К. П. Я попытаюсь обозначить основные вехи по всей нашей проблеме философии возраста. Если бы Александр Куприянович также прибег к такой форме представления своего содержательного и во многом новаторского материала, то его выводы, наверняка, прозвучали бы иначе, чем мои. Напомню хотя бы его формулу индивидуального возраста: «возраст как минимальный внутренний объем бытия во времени, Sein als Zeit (бытие как время)».
Будем помнить, что «краткие выводы» в нашем случае – это вовсе не обязательный ритуал, но всего лишь риторический прием.
Итак, первое: что есть возраст? Возраст для меня – это столкновение циклического и линейного времени. Я упоминал, что относительно индивидуальности линейное время присутствует как концепт бессмертия или как идея авторствования – как «попытка создать нетленное» (выход к бессмертию через материализацию).
Второе. Для оценки возраста я предлагаю некий, как мне представляется, конструктивный критерий: возраст может быть оценен с точки зрения отношения к дому. Скажи мне, как ты относишься к дому, и я скажу, в каком ты возрасте. Или ты строишь дом, или готовишь его для следующих поколений, или уютно пригрелся в родительском гнёздышке. В качестве примера возьмем «Кота в сапогах». Старшему брату достается мельница, так сказать, «родовой замок». Младшему достается кот, метафора номада, метафора свободного движения. В данном случае младший и оказался наиболее «успешным», разрешившим загадку дома. В русских семьях нередко младшенький остаётся с родителями, тогда как старшие вылетают из гнезда (или их оттуда выталкивают).
Наконец, третье. В зависимости от того, какую стратегию бытия ты выбираешь, можно выделить возраст материальный и возраст духовный. Есть люди, проживающие только материальную стратегию и только материальный возраст, а есть люди, проживающие возраст духовный. Чаще всего люди живут в этих двух возрастах одновременно.
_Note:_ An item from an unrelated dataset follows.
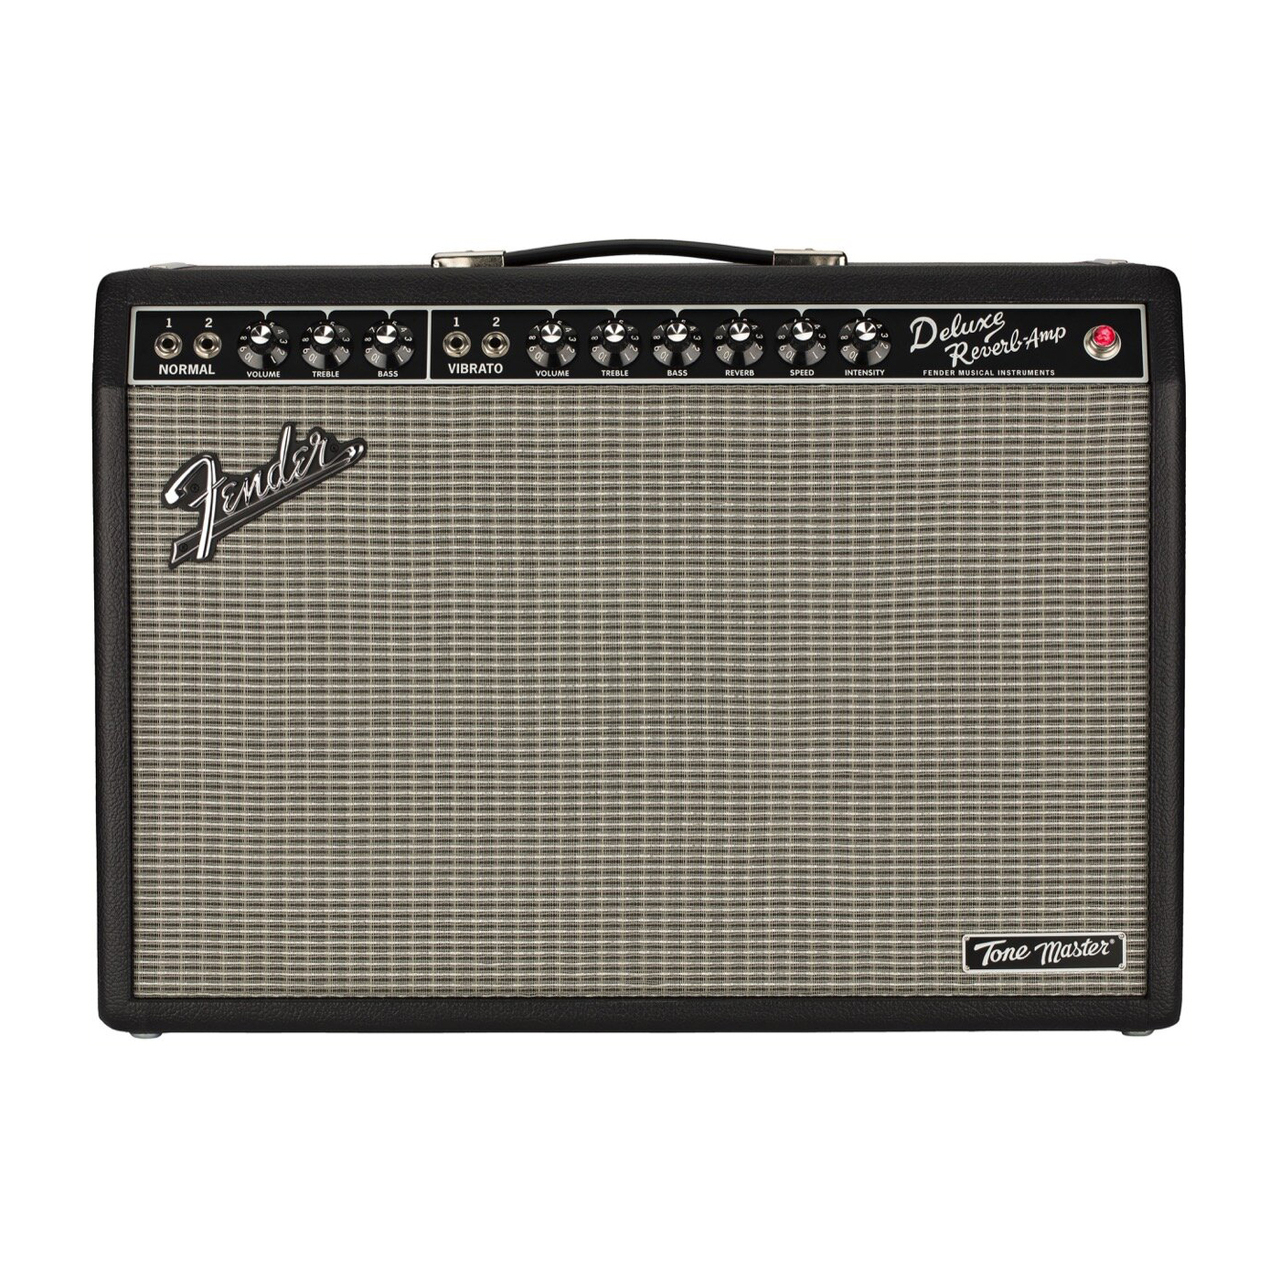 Fender Tone Master Deluxe

Вспомним роман Э. Канетти «Ослепление»127. В нем повествуется об учёном-китаисте, который заложил окна стеллажами с книгами и пытается замкнуться в коконе своей духовной жизни. Этот человек выбирает только духовное развитие. Но такая однобокость в романе Э. Канетти заканчивается печально. Впрочем, как мне представляется, значим сам этот безумный донкихотский порыв сосредоточения на духовности, попытка преодоления материальной цикличности мира, выхода за его пределы. Императив человека, да и социума, в том, чтобы иметь ясный горизонт духовного возраста, не упуская из виду возраст материальный.